A physical therapy mobility checkup for older adults: feasibility and participant preferences from a discrete choice experiment
In short
Can a brief physical therapy 'Mobility Checkup' be feasibly delivered to older adults in community settings, and what do older adults prefer in such a service?
A two-phase pilot study found that a structured physical therapy Mobility Checkup was feasible and safe in community settings, with 91% of participants reporting high satisfaction, though the visit often exceeded the 60-minute target. Older adults strongly preferred no out-of-pocket cost and a 30-minute visit.
SupportsRead paper
Primary study62 ParticipantsLimited evidence
Key points
- 5 of 6 pre-specified feasibility criteria were met; only visit duration fell short (42% of visits exceeded 60 minutes)
- 68% of participants were identified as having preclinical or mobility disability, far exceeding the 25% feasibility threshold
- Transitions (sit-to-stand and getting up from the floor) identified the most participants below age-referenced norms (16 of 21 with any impairment)
- In the discrete choice experiment, no out-of-pocket cost was the dominant preference by a wide margin over $25 or $129 co-pays
- 97% of DCE participants said they would use a Mobility Checkup if one were available
How it was conducted
- Design
- Two-phase pilot: Phase 1 feasibility study + Phase 2 discrete choice experiment (DCE)
- Participants
- 31 adults aged 55+ per phase (62 total); recruited from assisted living, libraries, and an academic institution
- Feasibility criteria
- 6 a priori criteria: preclinical disability identification rate, cancellation rate, visit duration, satisfaction, education usefulness, adverse events
- Mobility measures
- Five Times Sit to Stand, Timed Up From Floor, 10-metre walk test, 6-minute walk test, Functional Gait Assessment, Activities-specific Balance Confidence scale
- DCE attributes
- Out-of-pocket cost ($0/$25/$129), visit duration (30/60 min), education topic (fall risk/walking/transitions), graphic style (bar vs. line)
- Analysis
- Descriptive statistics for feasibility; conjoint choice modelling (conditional logistic regression) for DCE; false discovery rate correction applied
What they found
- 21 of 31 feasibility participants (68%) were identified as having preclinical or mobility disability (below 50th percentile on at least one measure)

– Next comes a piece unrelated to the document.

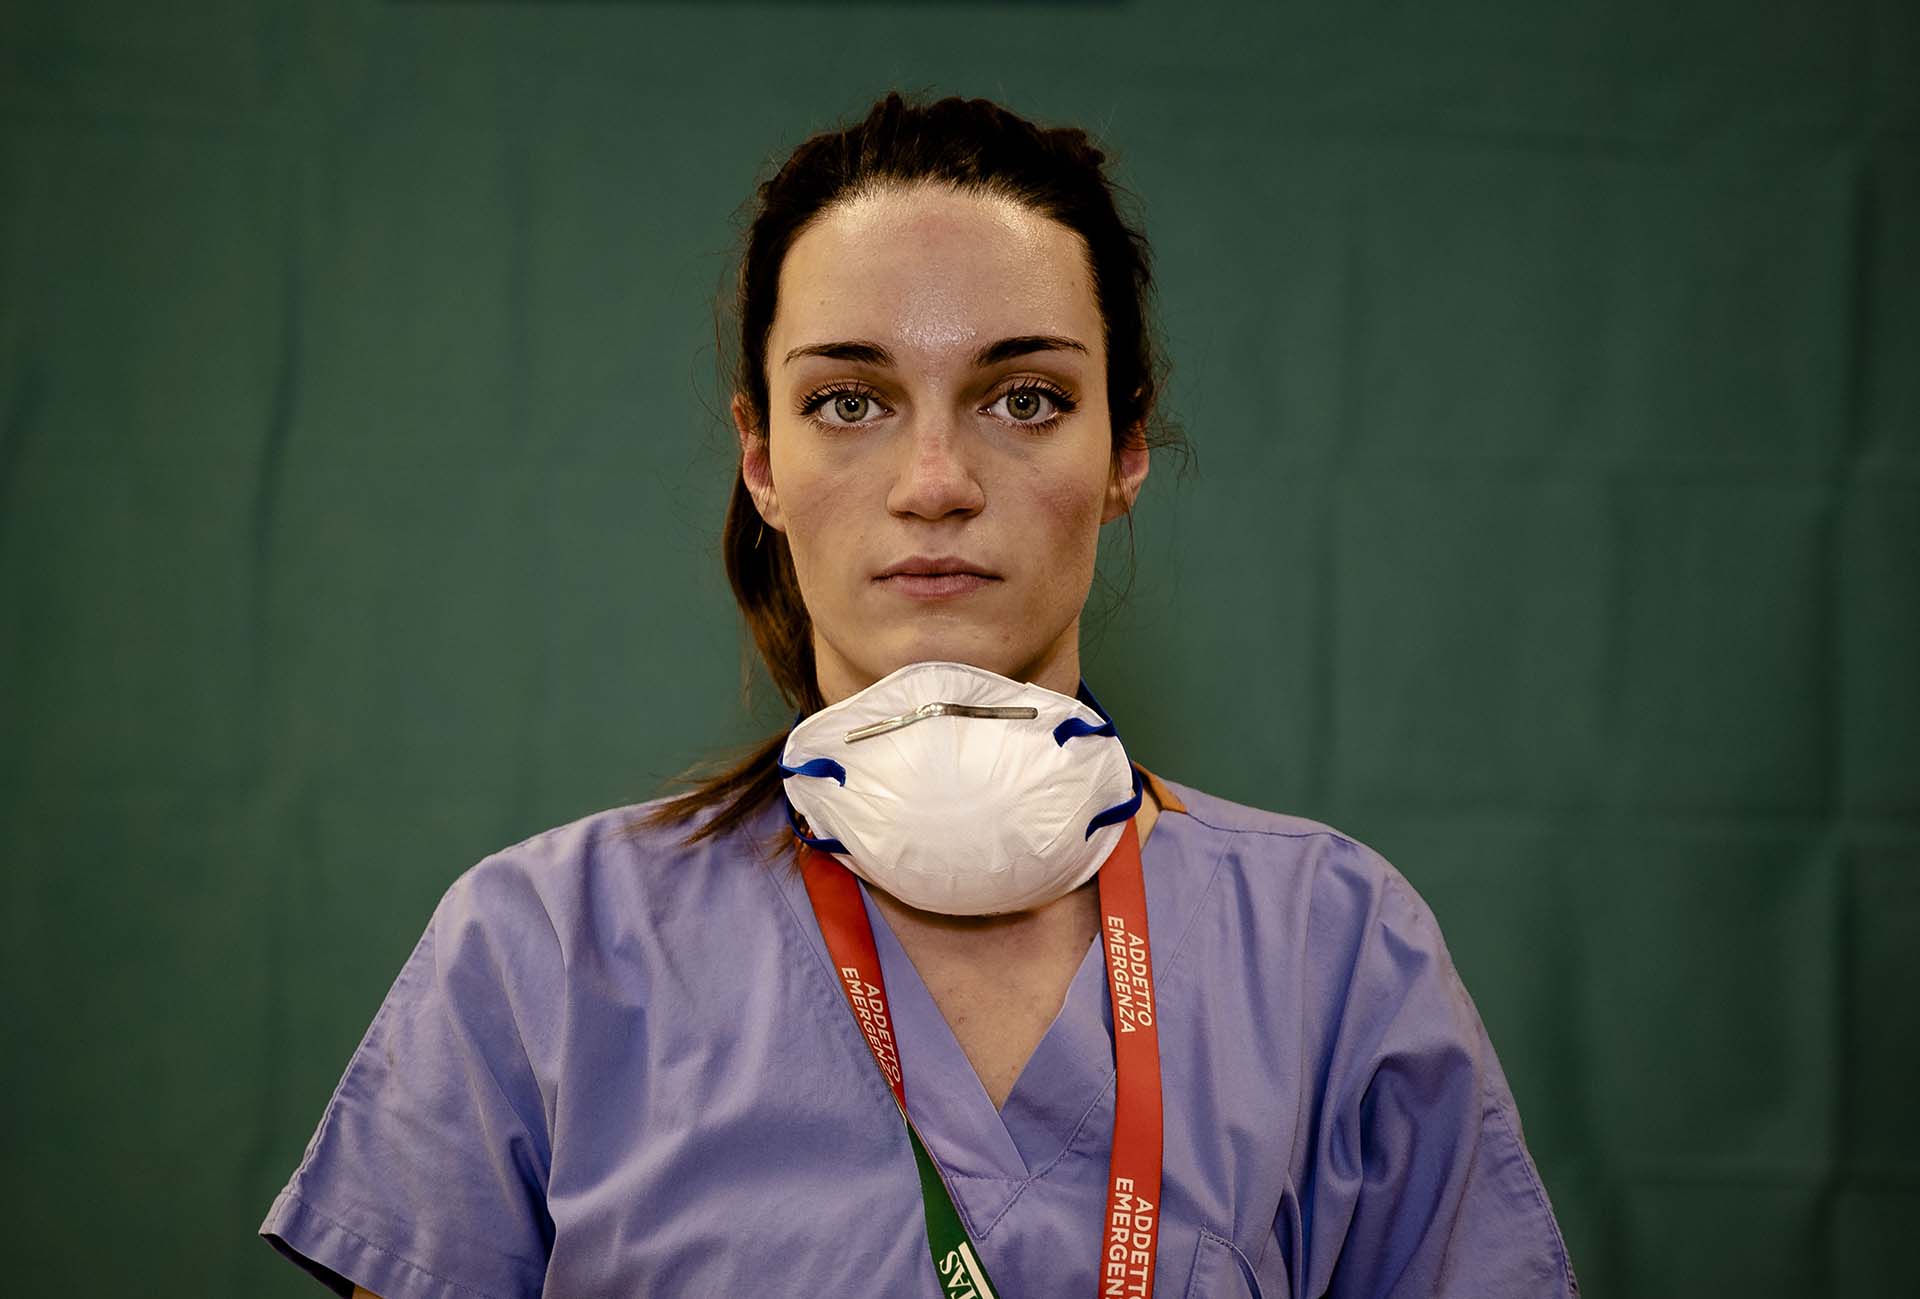 La enfermera Martina Papponetti, de 25 años, posa al final de su extenuante jornada laboral en el Humanitas Gavazzeni Hospital en Bergamo, Italia. (27 de marzo)

- 16 of 21 impaired participants had below-normal transitions (Five Times Sit to Stand or Timed Up From Floor)
- 13 of 31 visits (42%) exceeded 60 minutes, failing the duration criterion
- Mean satisfaction score was 91% of the maximum (range 71-100%)
- 98% of participants rated the education as useful (range 80-100%)
- No adverse events occurred
- Preference for no out-of-pocket cost: utility 1.205 (95% CI 0.972-1.462, FDR P<0.001); $25 utility 0.163 (95% CI -0.041-0.372); $129 utility -1.369
- Preference for 30-minute visit: utility 0.168 (95% CI 0.022-0.318, FDR P=0.022)
- Preference for education about fall risk over other topics: utility 0.293 (95% CI 0.079-0.517, FDR P=0.019)
- Preference for bar graph (positive framing): utility 0.320 (95% CI 0.033-0.619, FDR P=0.007)
- 97% of DCE participants said they would attend a Mobility Checkup if available; 52% preferred annual frequency
- DCE completion rate: 31/31 (100%); mean time to complete 40 minutes
Limitations
- Small, homogeneous samples in both phases (n=31 each); feasibility phase was predominantly white, well-educated, and female
- Pre-specified 50th percentile cutoff for preclinical disability is not a validated clinical threshold, likely inflating the identification rate
- DCE data collection was cut short by the COVID-19 pandemic, preventing the originally planned sample of 40 per survey
- Study did not measure whether the education actually changed participant behaviour or physical activity levels
Why it matters
- For patients
- Older adults who are concerned about their mobility can expect a brief, safe, and satisfying physical therapy assessment that tells them how their walking speed, balance, and ability to rise from a chair or the floor compare to people their age.
- For clinicians
- Physical therapists can feasibly deliver a standardised Mobility Checkup in community or clinic settings; transitions (sit-to-stand and floor rise) appear to be the highest-yield tests for catching early mobility decline.
- For readers
- This pilot supports developing a preventive PT model for older adults, but the small sample, non-validated disability cutoffs, and lack of behaviour-change outcomes mean a larger RCT is needed before widespread adoption.